Data segment
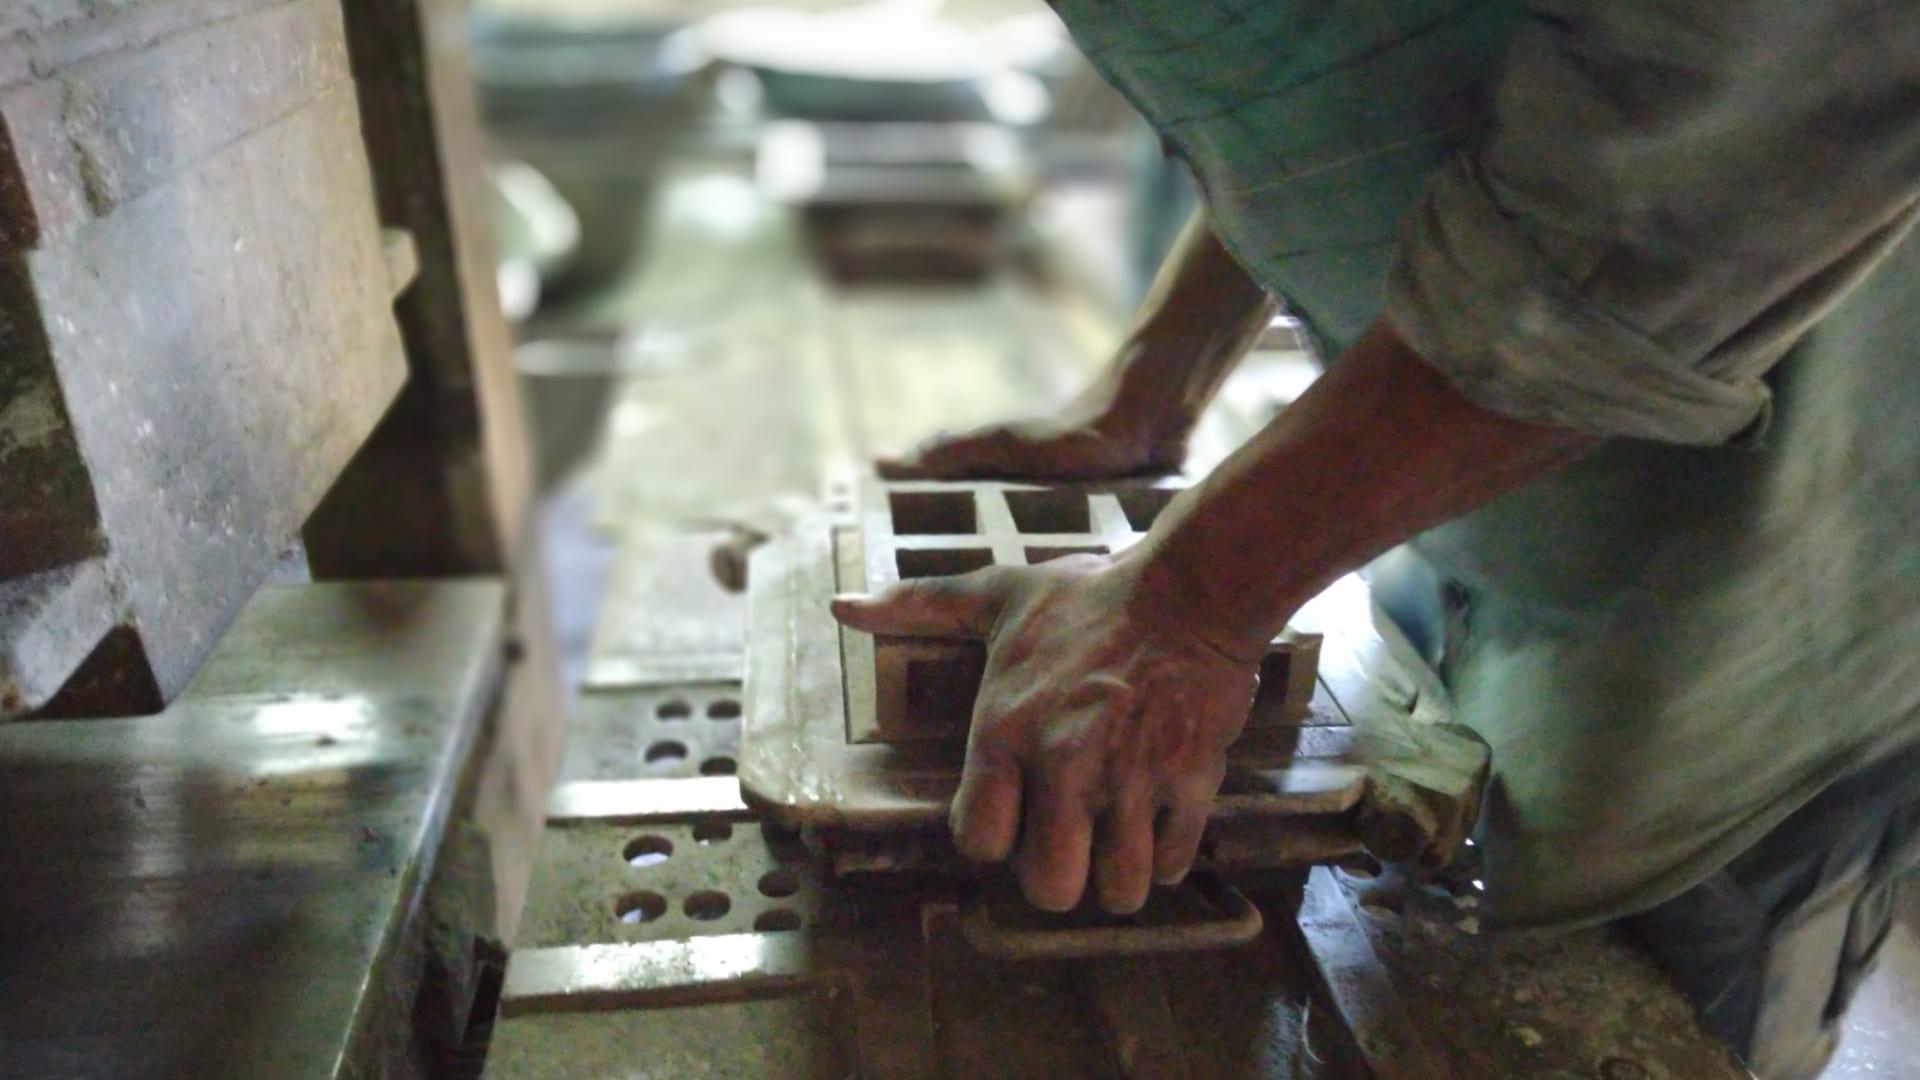 شركة هندية تحول الهواء الملوث إلى بلاط بناء أنيق..كيف؟
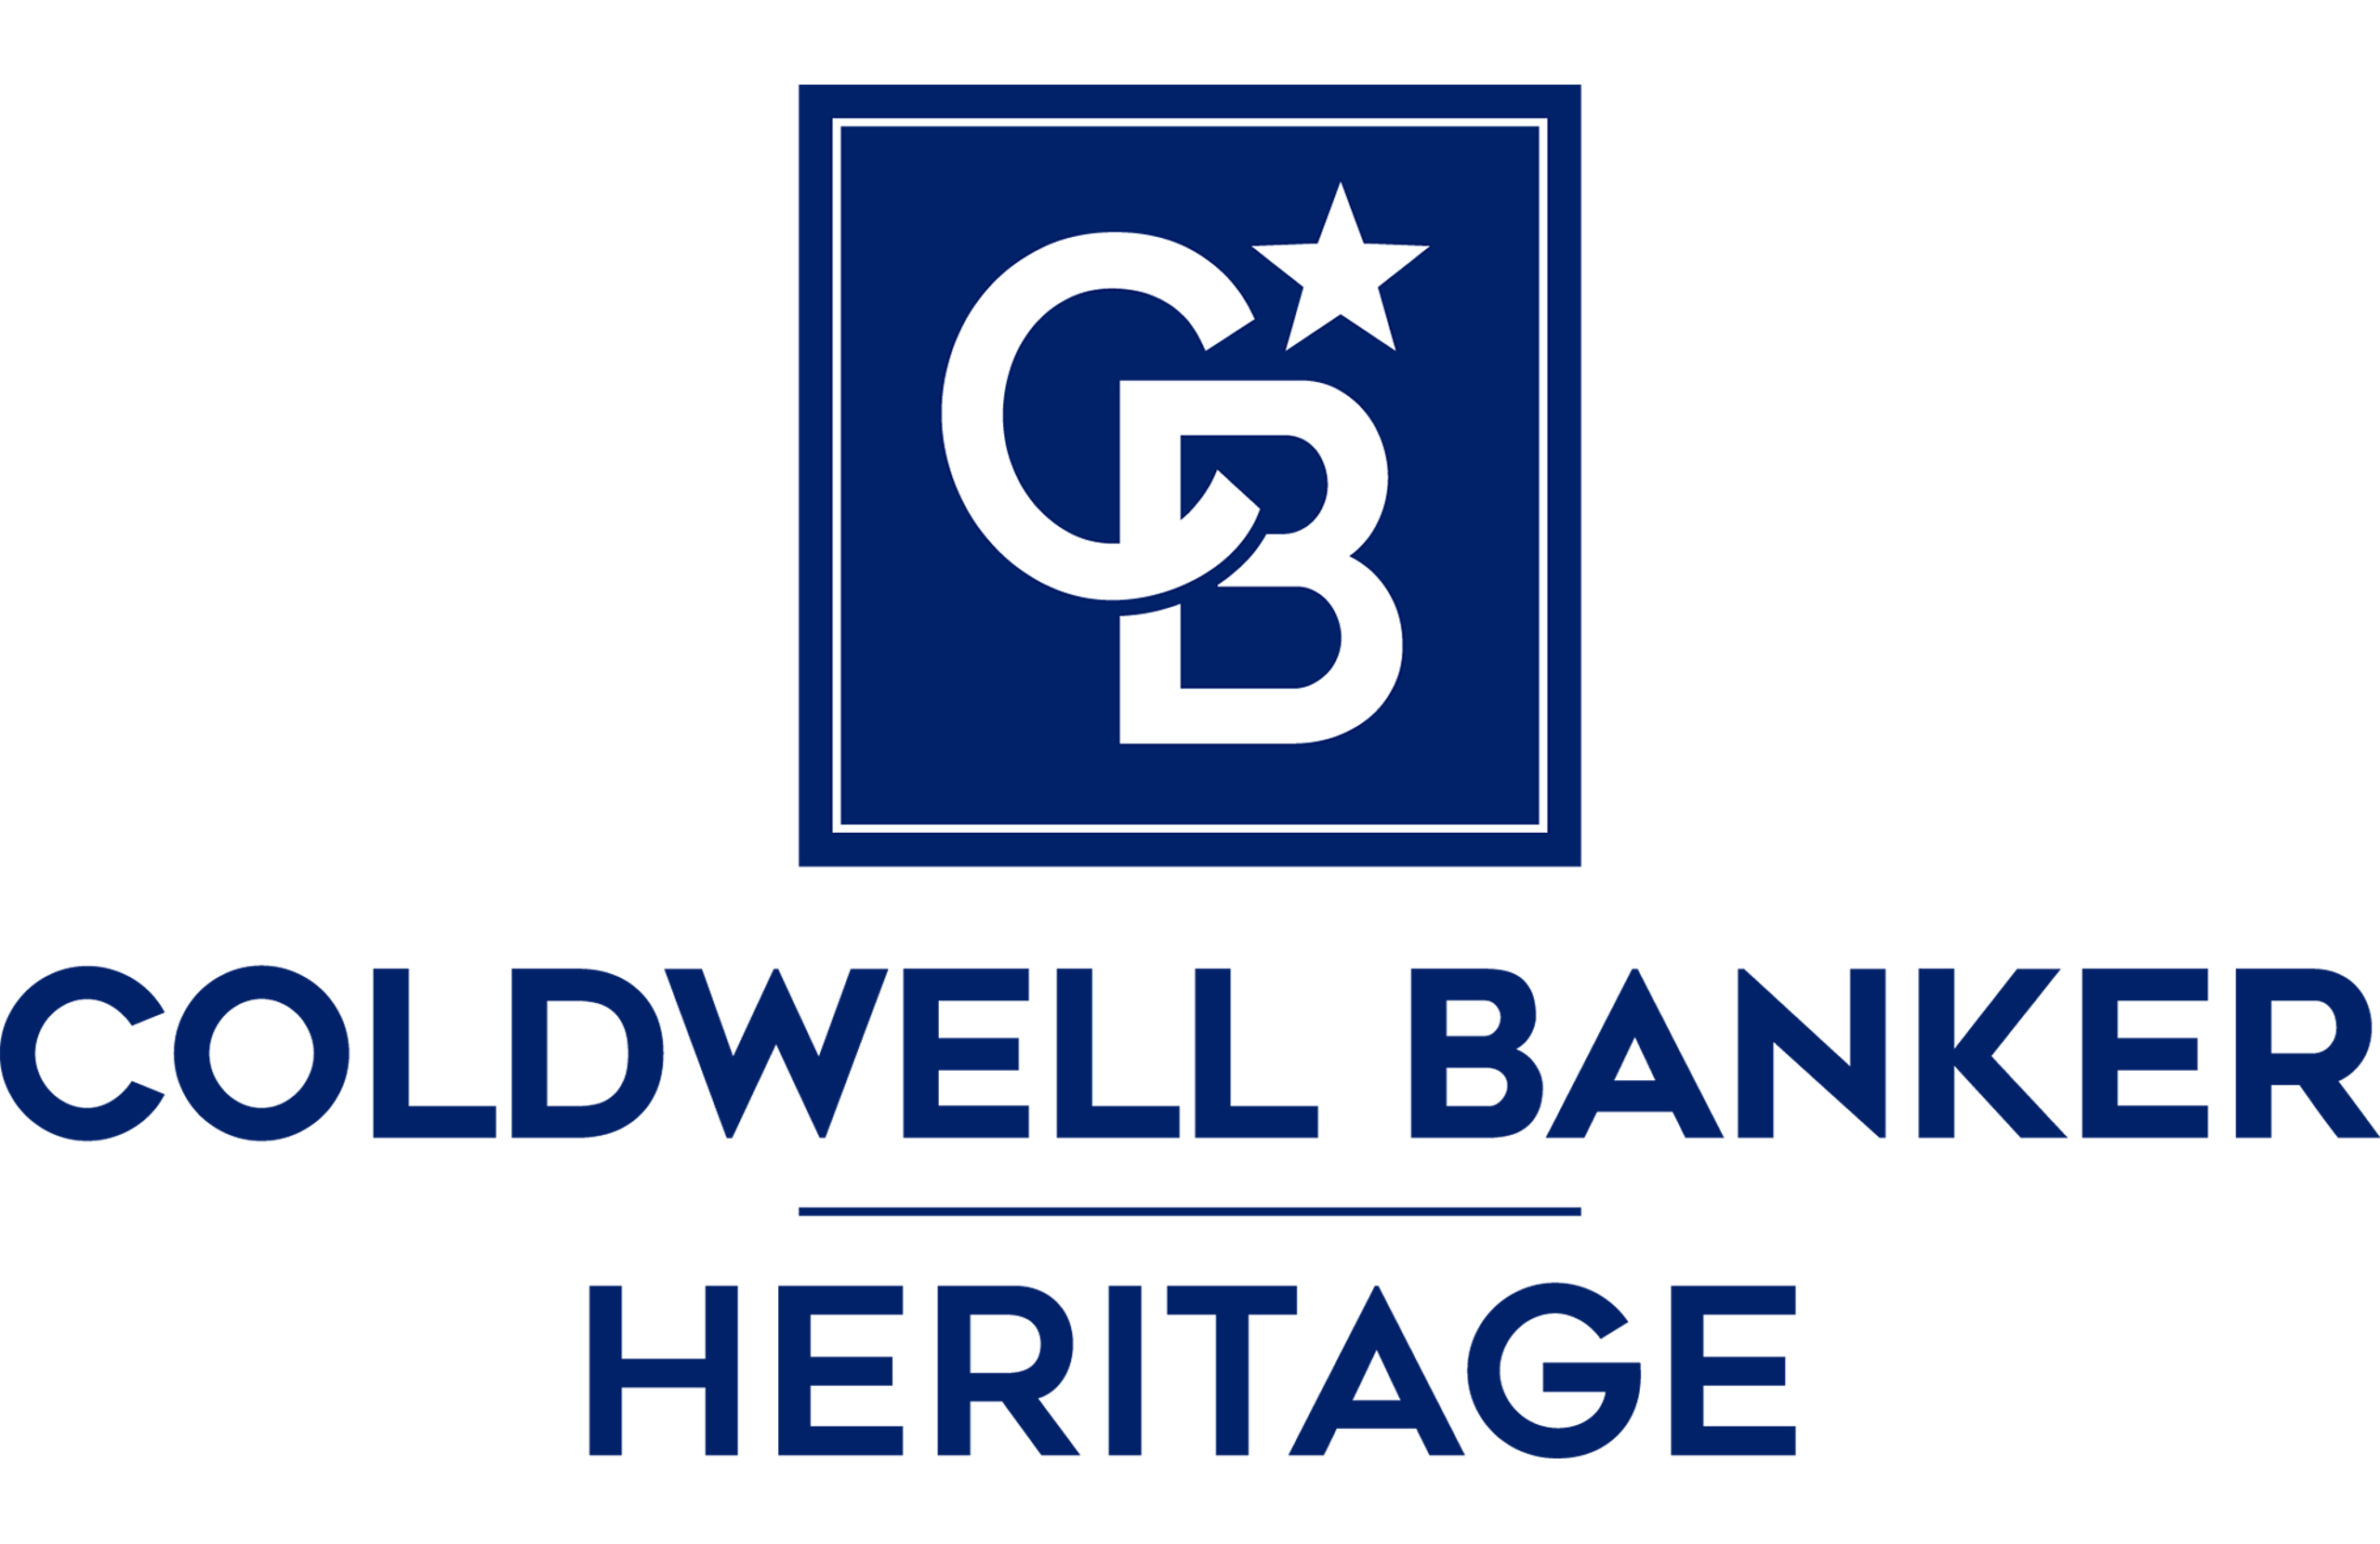 Linda Langer - Coldwell Banker Heritage Logo
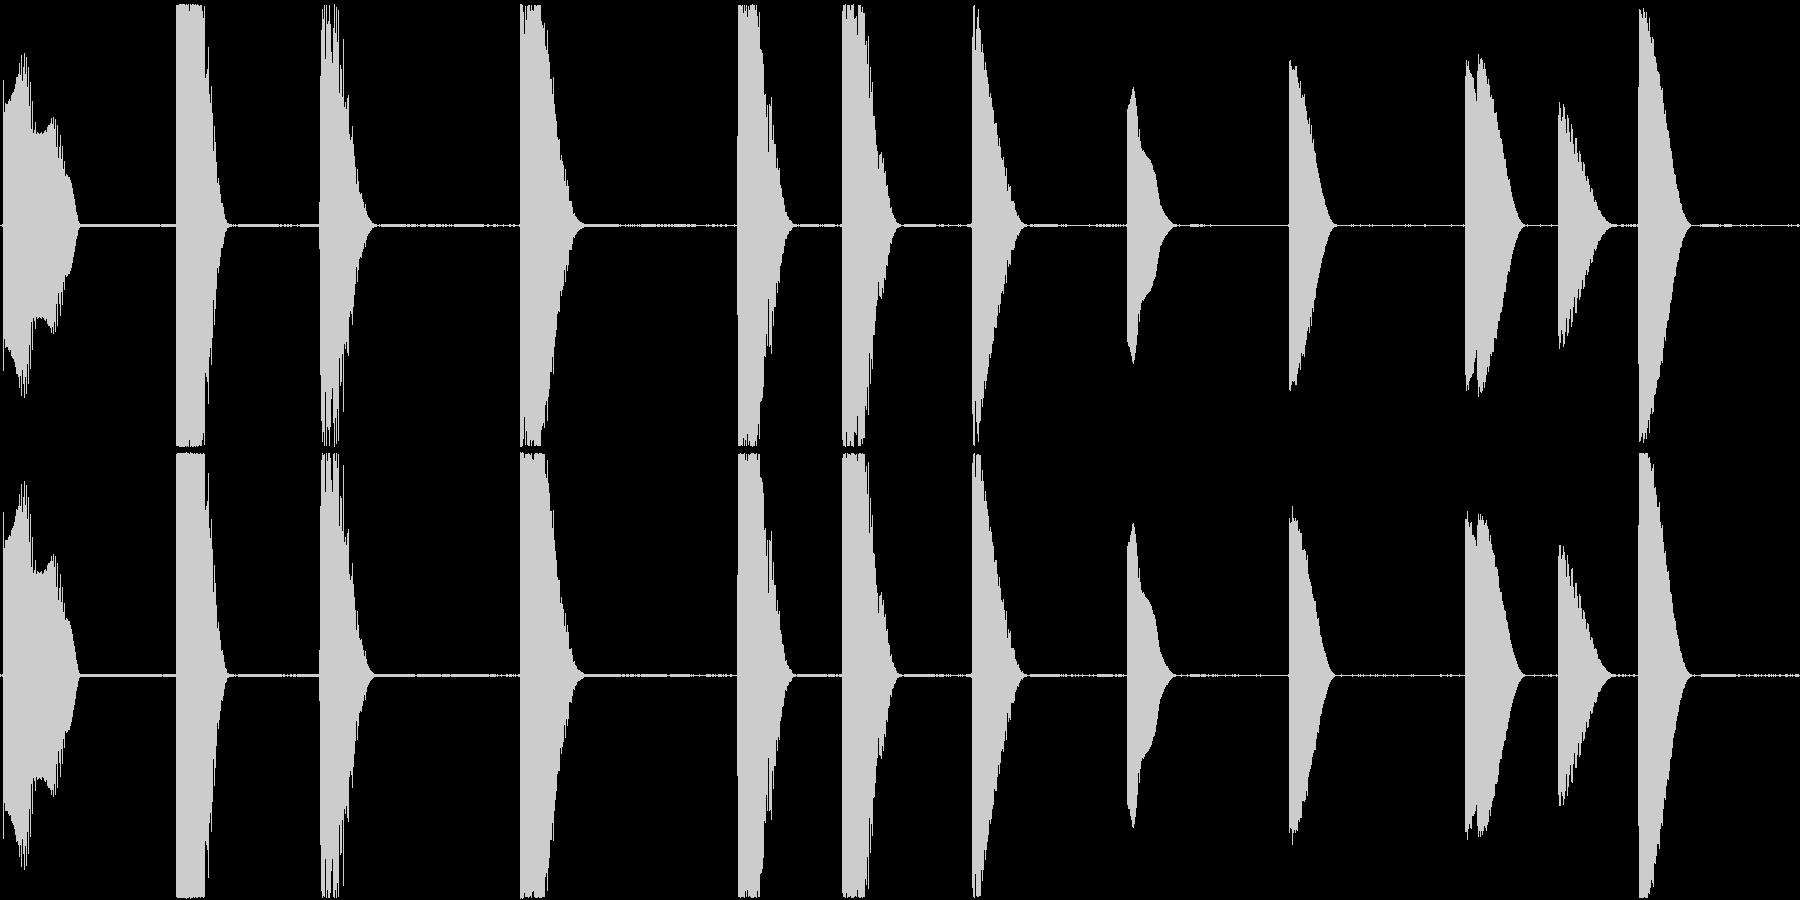 音がこもったエレクトリックピアノの未再生の波形
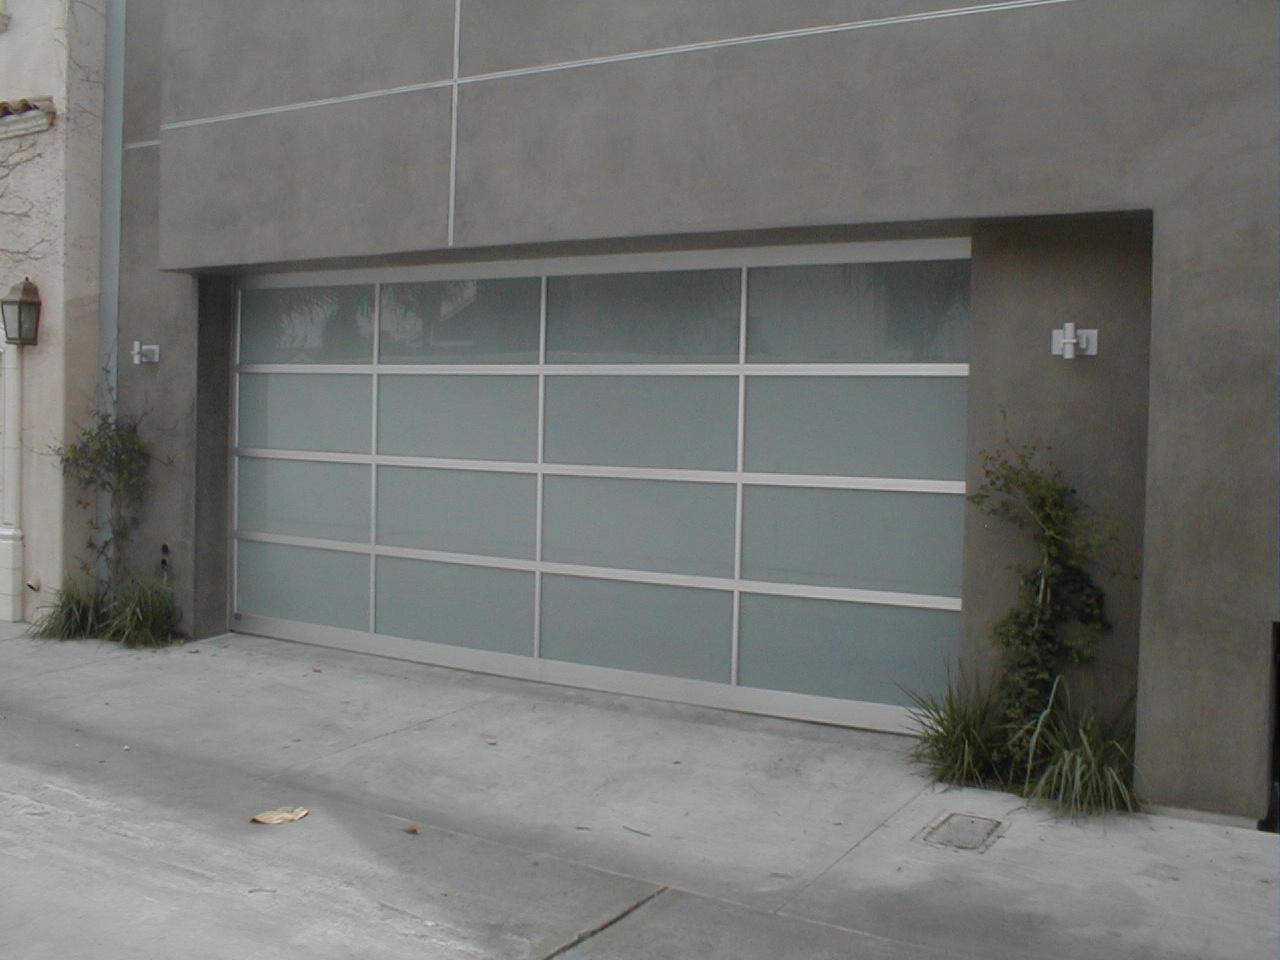 Fantastic Door Designs Photo Door Designs Hawk Haven Doors Ireland Doors Los Angeles houzz-03 Contemporary Garage Doors

Problem statement
Omit all pictures, and repeat exactly the lines from the line containing "音がこもったエレクトリックピアノの未再生の波形" through the end of the data.

Worked solution
 音がこもったエレクトリックピアノの未再生の波形
 Fantastic Door Designs Photo Door Designs Hawk Haven Doors Ireland Doors Los Angeles houzz-03 Contemporary Garage Doors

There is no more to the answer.